Lara walks back the way she came, or at least the way she thinks she came, but comes immediately to a stall she doesn’t recognize and realizes she is utterly lost. Then, amidst the darkened shops, she spots a single, distant light.
Lara hustles towards it. As her eyes adjust, she realizes the light comes from a stall stacked with dusty, leather-bound books. Outside, a man sits on a pallet of encyclopedias, a book beneath his bespectacled nose. With an idle hand he twirls the end of his grey beard, not looking up until Lara’s feet finally enter his field of view.
“Aha,” he says, smiling and closing his book. “What if, right? You called, and you came! How wonderful! Now, let’s just divine what you need. History, perhaps? The Lemurian Annals might suit. Or possibly something geographical? We have atlases of Mu and Hyperborea.”
He pauses, inspecting her.
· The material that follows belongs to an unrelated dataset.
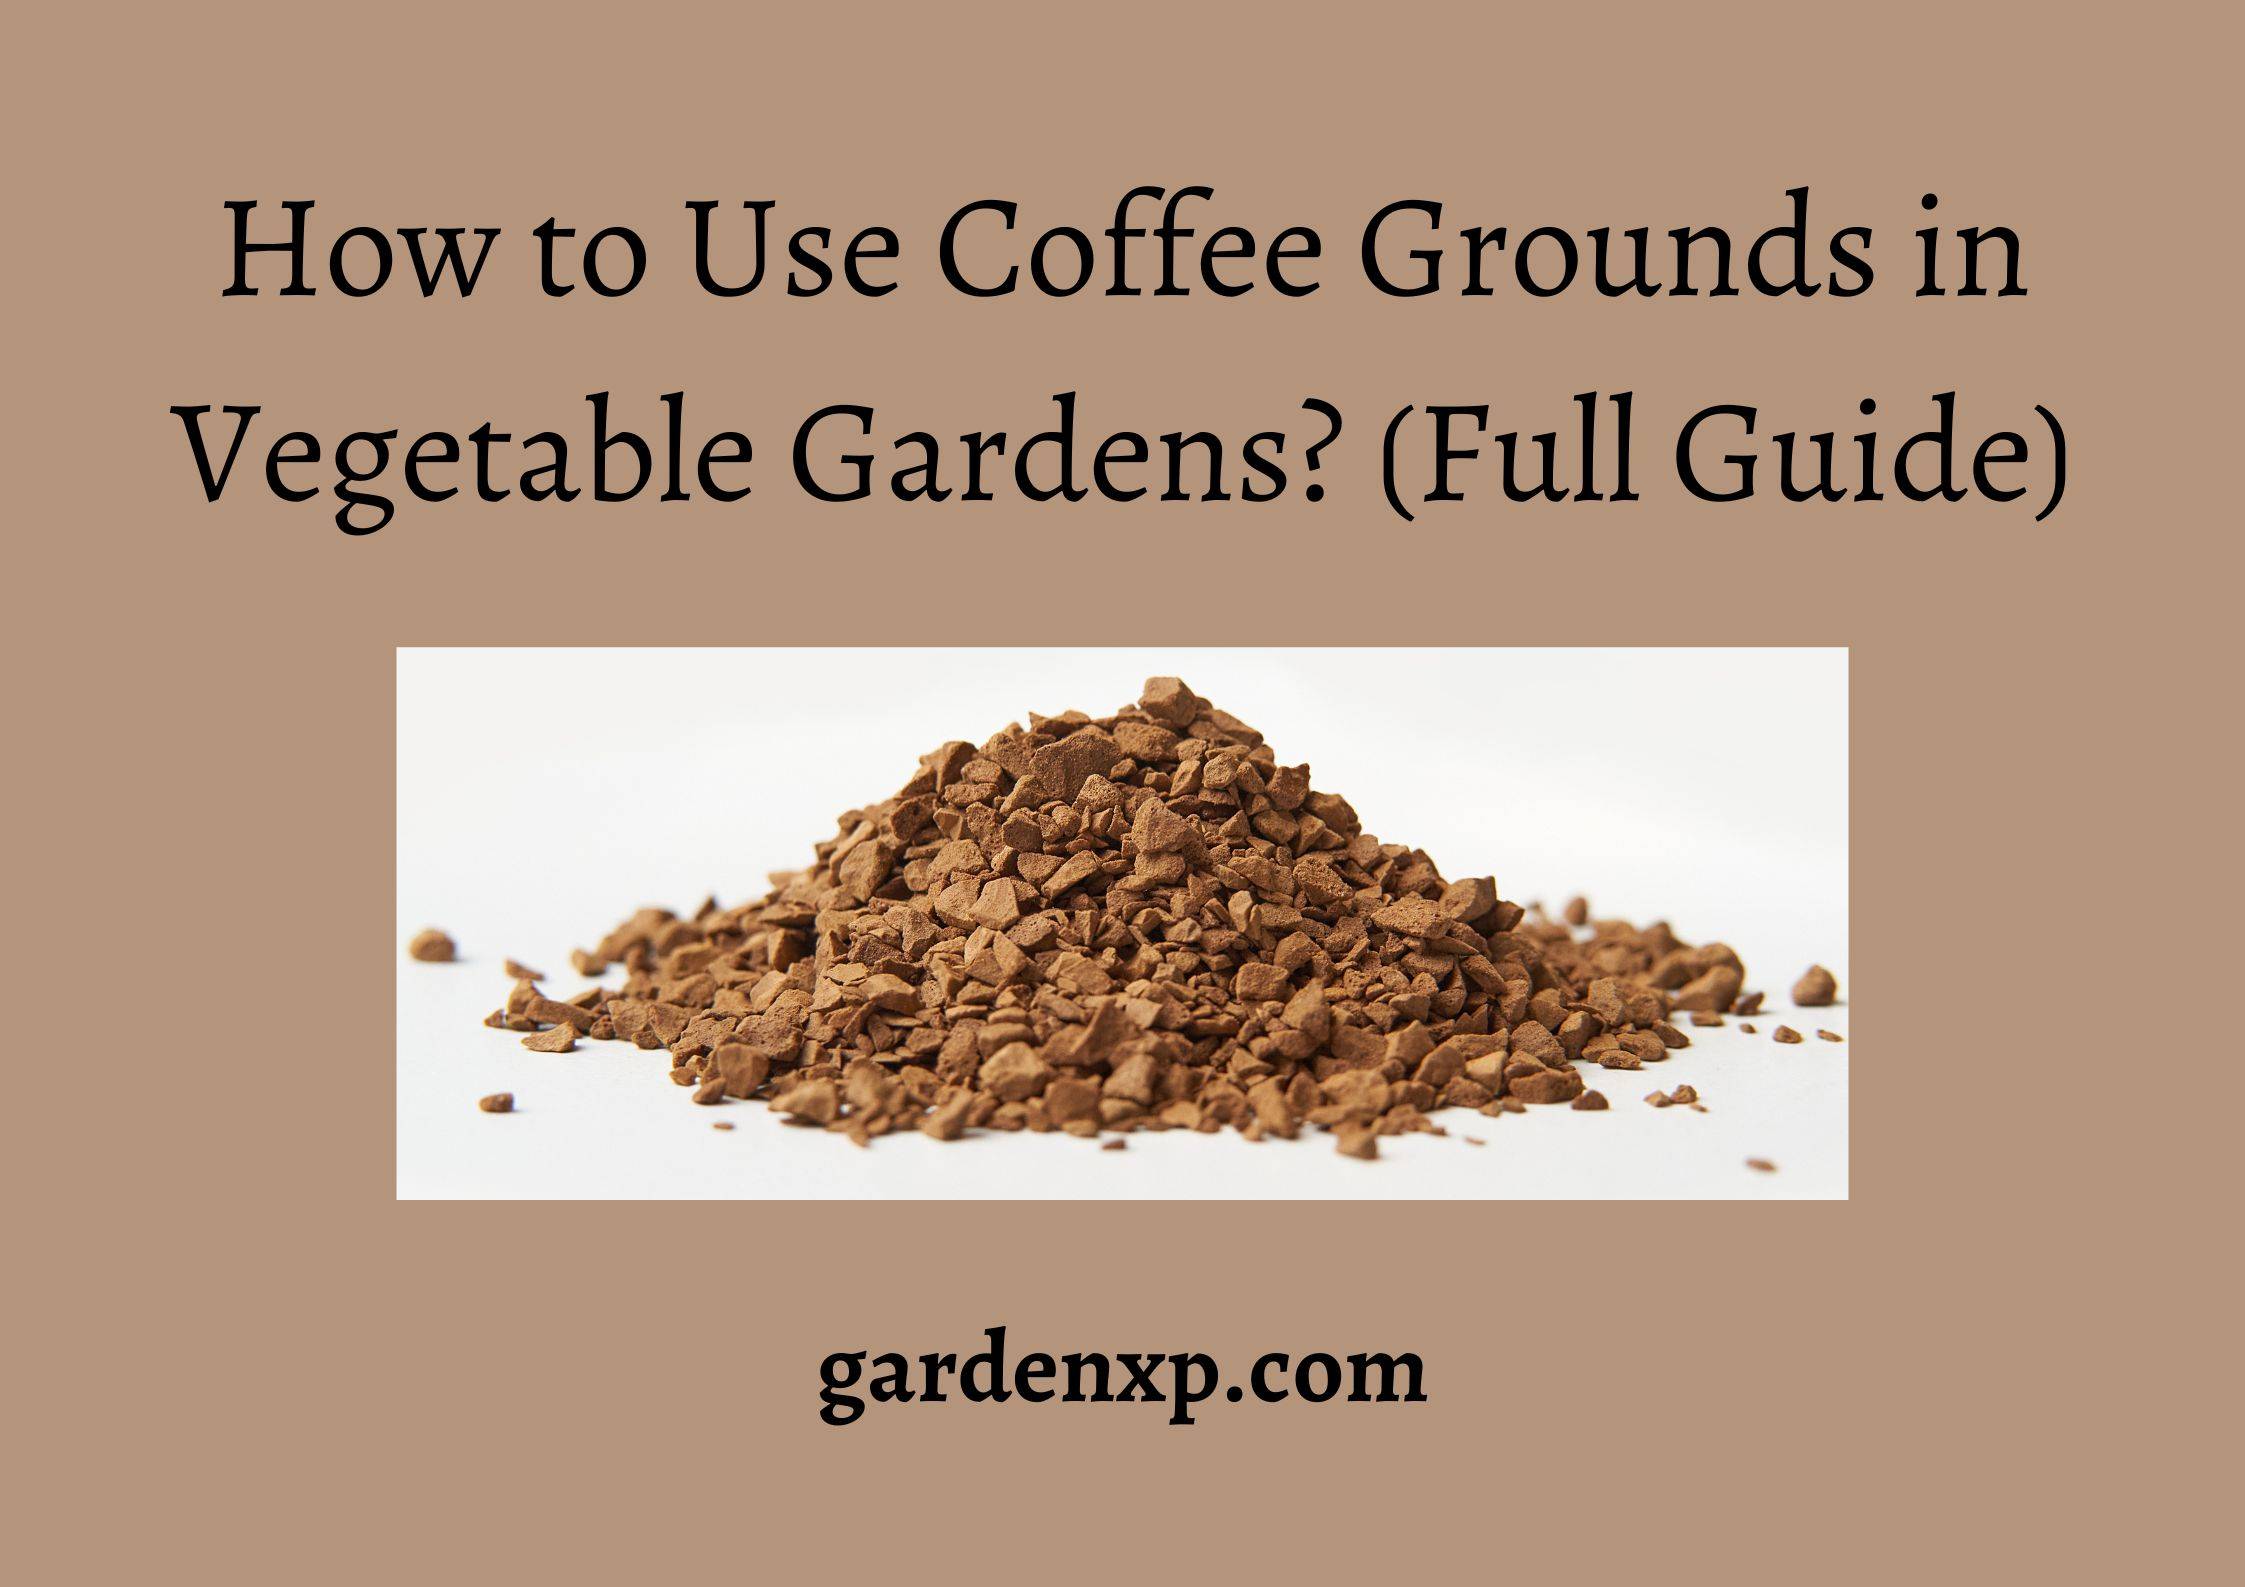 How to Use Coffee Grounds in Vegetable Gardens? (Full Guide)

Spotting her groceries, he grins.
“Oh, I see,” he says. “I see! An herbarium could be just the ticket.”
He turns and rifles through a stack of books. Lara looks around in desperation, but there’s no one else in sight. She checks her watch. She’s running out of time.
The man’s finger pauses before a book, then withdraws. He looks over his shoulder at her.
“Oh,” he says. “No, I know. I know just what you need.”
He ushers Lara forward. She protests that she only needs directions, says that really, she must go, yet somehow, he draws her into the stall. He stops before a shelf, running his hand from spine to spine, mumbling.
“Aha!” he crows.
He pulls a dusty tome from the shelves and hands it to her like an offering.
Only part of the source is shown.